Моя подруга Майка, или малиновая скатерть с кистями 

   Она к нам пришла в 9-м классе. А до этого жила в Перми, у бабушки. Теперь же, мать взяла её к себе, потому что её сын от второго брака, Алёша, пошёл в 1-й класс, и кому-то надо было за ним присматривать.
   Нам было по пятнадцать лет. И вся моя ранняя юность была окрашена этой дружбой.
   Мне и сейчас часто снится их дом. Дом, которого давно нет. Я брожу во сне вокруг него, заглядываю в окна, ищу их . . .
   А тогда. . ., тогда нам было пятнадцать лет, и жизнь только начиналась.
   Мы были очень разные. У Майки была, полноватая, но точёная фигурка, тонкие капризные губы и всегда короткая стрижка под мальчика. А я была неловкая и застенчивая. Единственным моим достоянием были волосы, русые с медным отливом. Они спадали каскадом волн на плечи, завиваясь на концах в трубочки. Они не были особенно густыми, но производили такое впечатление из-за того, что были лёгкие и очень пушистые.
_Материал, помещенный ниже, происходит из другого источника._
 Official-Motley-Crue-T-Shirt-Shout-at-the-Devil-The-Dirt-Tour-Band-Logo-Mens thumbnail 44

   Я была романтиком, а Майка трезво смотрела на жизнь.
   Когда я пришла к ним в первый раз, мне прежде всего бросилась в глаза малиновая скатерть, бархатная, с кистями. . . Она была как бы символом благополучия в доме, их визитной карточкой.
   Они жили неподалёку от нас в деревянном одноэтажном доме, в который был парадный вход с улицы, и вторая дверь, через сени выводившая прямо в сад, в котором росли старые, хорошо плодоносящие, яблони. Каждую осень в сенях стояли большие корзины и вёдра с яблоками, и на полу тоже лежали яблоки. Они пахли августом и ещё чем-то тонким и грустным.
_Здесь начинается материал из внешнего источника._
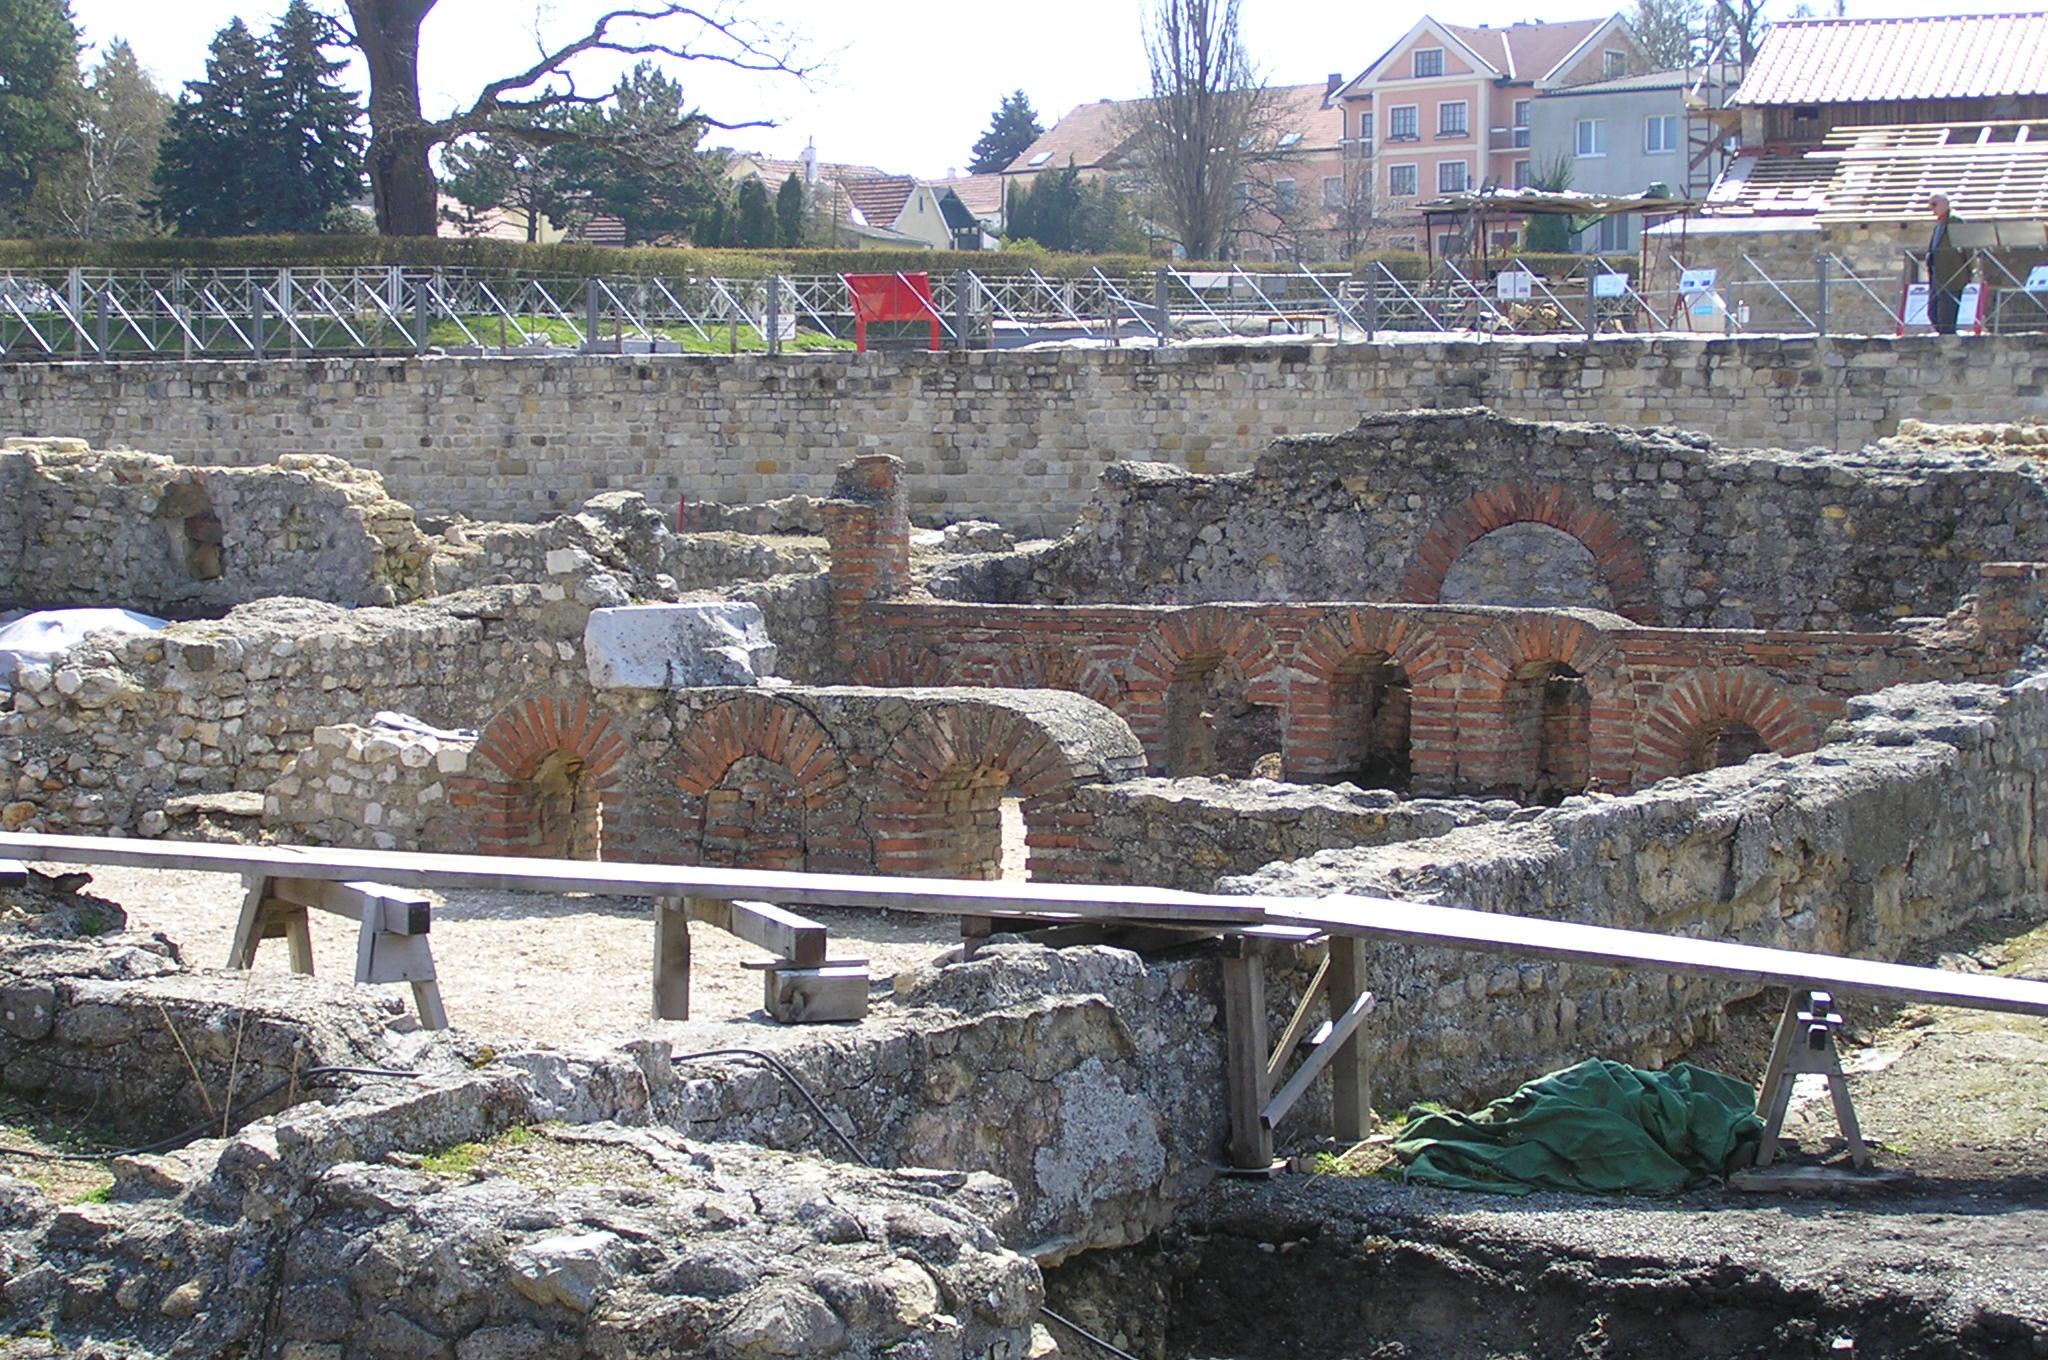 File:Carnuntum Public Bath.jpg - Wikimedia Commons

   Майкина же комната располагалась слева от входа в квартиру и была крошечной и уютной. Особенно мне нравился старинный письменный стол, он занимал бОльшую часть комнаты. На столе под стеклом лежал только календарь. Всякими там вырезанными из журналов картинками Майка не увлекалась.
   Меня интриговала её семья. В ней всё было необычно, всё не так, как у нас.
   Сейчас я понимаю, насколько молоды были её родители. Ведь им в ту пору было всего 33 года. Но тогда они мне казались весьма пожилыми людьми. Её отчим, дядя Веня, работал инженером в проектном институте, а мать там же чертёжницей. Но работу она брала на дом и поэтому, я думаю, что, скорее всего, матери пришлось забрать Майку у бабушки из-за того, что она уже не справлялась с подросшей и рано повзрослевшей внучкой.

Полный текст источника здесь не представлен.